Statistical analysis

Using the Microsoft Excel 2016 version, statistical analysis was carried out. All parameters, calculations, means, and standard deviations were involved in data analysis.

Results and discussion

MFC performance during startup, acclimation, and bioelectricity generation

The open circuit voltage (OCV) changed with time when inoculated with aerobic activated sludge after 3 months’ long-term activity of continuous cultivation (Fig. 1a). At first, the maximum OCV was 363 mV (0–7.5 days), then followed by a rapid decrease in OCVs for 2 weeks to approximately 60 mV due to the microbial activity and an increase in substrate consumption. The slow speed of electricity generation can be associated with the lag time of bacterial cell formation on the anode surface at the initial stage of MFC activity [28]. Then, the MFC was inoculated with fresh media to regain the microbial activity for starting the 2nd cycle. These cycles took about (7.5–13 days) for increasing the voltage to 585 mV followed by decreasing the voltage gradually according to decreasing the acetate concentration in the media leading to start the third refreshment cycle. During the 3rd cycle (13–50 days), the average voltage output was 755 mV. This result can be due to the development of an electrode biofilm that facilitated the transport of electrons and improved voltage production. The BSCMFC was run for three consecutive rounds and fresh media were introduced to reactivate the microorganisms and promote the growth of anodic biofilm [29]. Therefore, the OCV cycles were indicative of the successful biofilm formation.

Fig. 1
figure 1

The bioelectrochemical performance of the BSCMFC; a time–voltage relationship in BSCMFC b the effect of external resistance (with an external resistor of 1kΩ) on the voltage output and c electrode potentials

Figure 1b shows the effect of 1 kΩ on the MFC outputs at an initial sodium acetate concentration of 2 gL−1 under fed-batch mode after cultivating 3 months using the multi-cycle technique. The voltage was initially dropped from 755 mV in OCV to be 259 mV in closed circuit voltage (CCV) which dropped into 50 mV after 112 h. The voltage output of the BSCMFC exhibiting a relatively stable electricity production with the voltage output fluctuating around 282 ± 6.6 mV in each batch after 300 h. These results could be accomplished that the progression of mature microbial communities on both anodic and cathodic electrodes [30]. In addition, the generation of electricity from BSCMFC also indicated the successful reduction process of oxygen that carried out by the formed bioelectrocatalysts on the cathode [31]. Also, the voltage values can be due to the biofilm development on the electrode surfaces during all three operating cycles in both OCV and CCV modes, as well as the bacterial content capacity to generate and transfer the electrons to the anode surface without chemical mediators.

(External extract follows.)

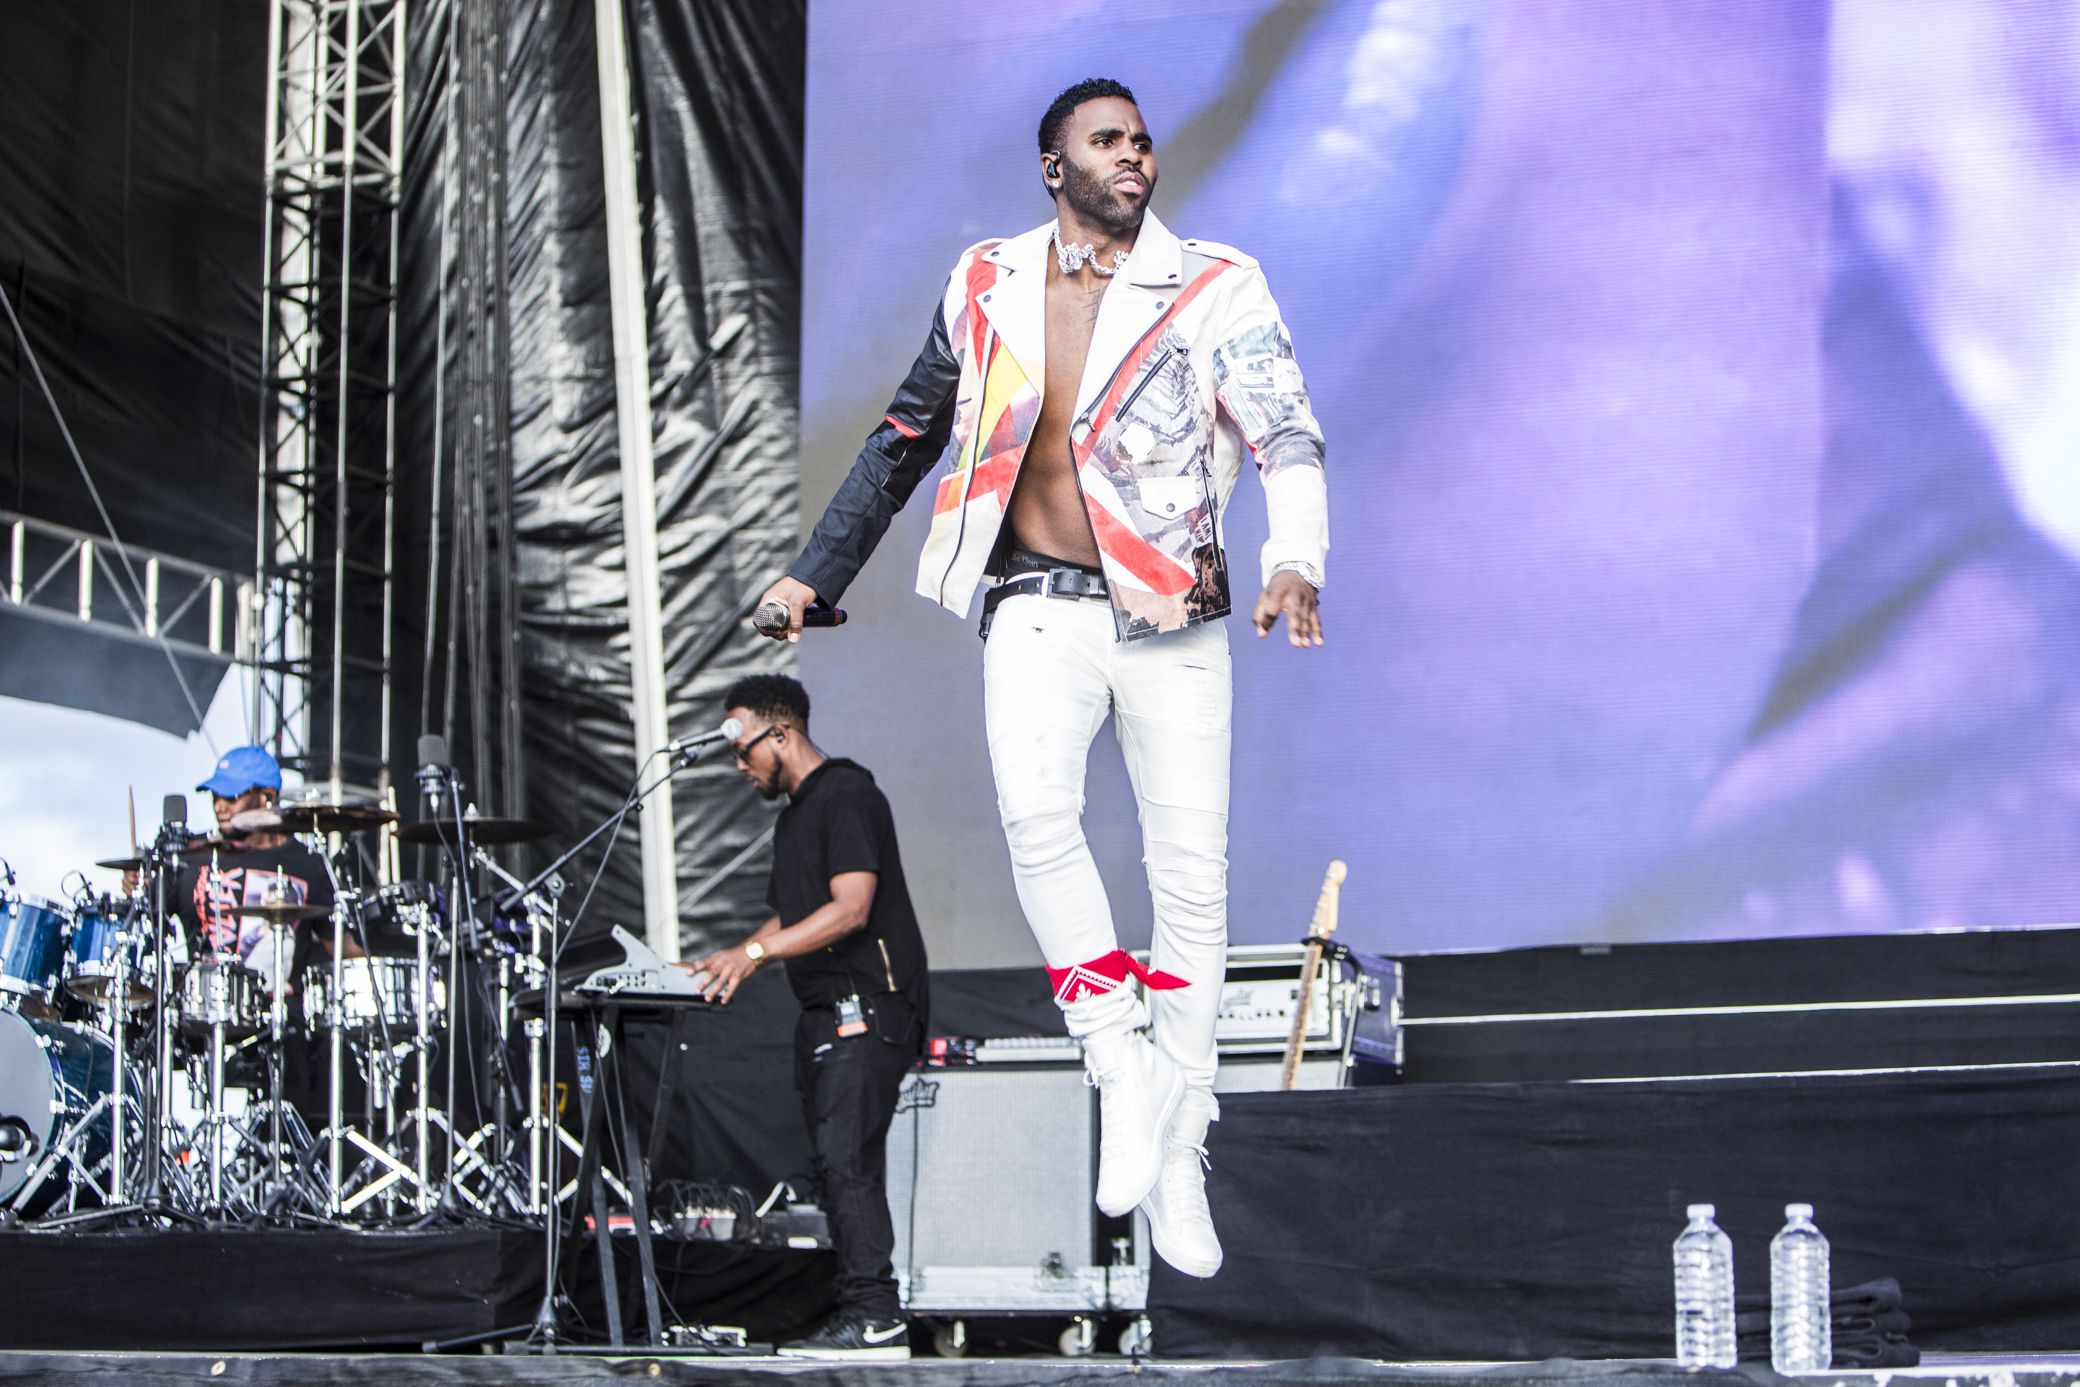 jason derulo 5 KAABOO Del Mar Succeeds at Being a Festival for Everyone

In this stage, the individual electrode potentials of the anode and cathode were kept at a constant level and collected to check the BSCMFC’s performance. At steady state, Fig. 1c recorded the biocathodic and bioanodic potentials, as well as the performance of the microbial fuel cell. In comparison to Ag/AgCl, the anode and cathode potentials were at 360 and 173 mV, respectively. As a result, the corresponding OCP vs. Ag/AgCl was around 533 mV, and the performance of the microbial fuel cell was greatly improved. The variations in the current generation were found to be due to variances in both cathode and anode potential, according to an analysis of the electrode potential curves. Thus, it was essential to develop bioanode and biocathode for efficient BSCMFC.

The COD removal in a medium of initial COD (1472 ± 17 mg L−1) increased in the 1st cycle to be 89% and reached to be 72% in the 3rd cycle. In the mature MFC during the long-term operation, the COD removal ratio was 83 ± 8.4%. The COD removal ratio was 83 ± 8.4% which was in line with previously recorded results [20]. They showed that at the end of the MFC operation period, the percentage of COD removal of acetate fed MFCS reached 96%. The difference in COD removal efficiency values could be explained by the various microbial sources (inoculum), the microbial population structures, electrode types, configuration of MFCs, and microbial activity.

Coulombic efficiency (CE), referred to the overall charge ratio transmitted to the anode over the maximum extractible charge after full oxidation of the electricity-converted substrate [32], was 22 ± 2.5% and decreased slowly to 13 ± 5% within 10d in the 4th cycle.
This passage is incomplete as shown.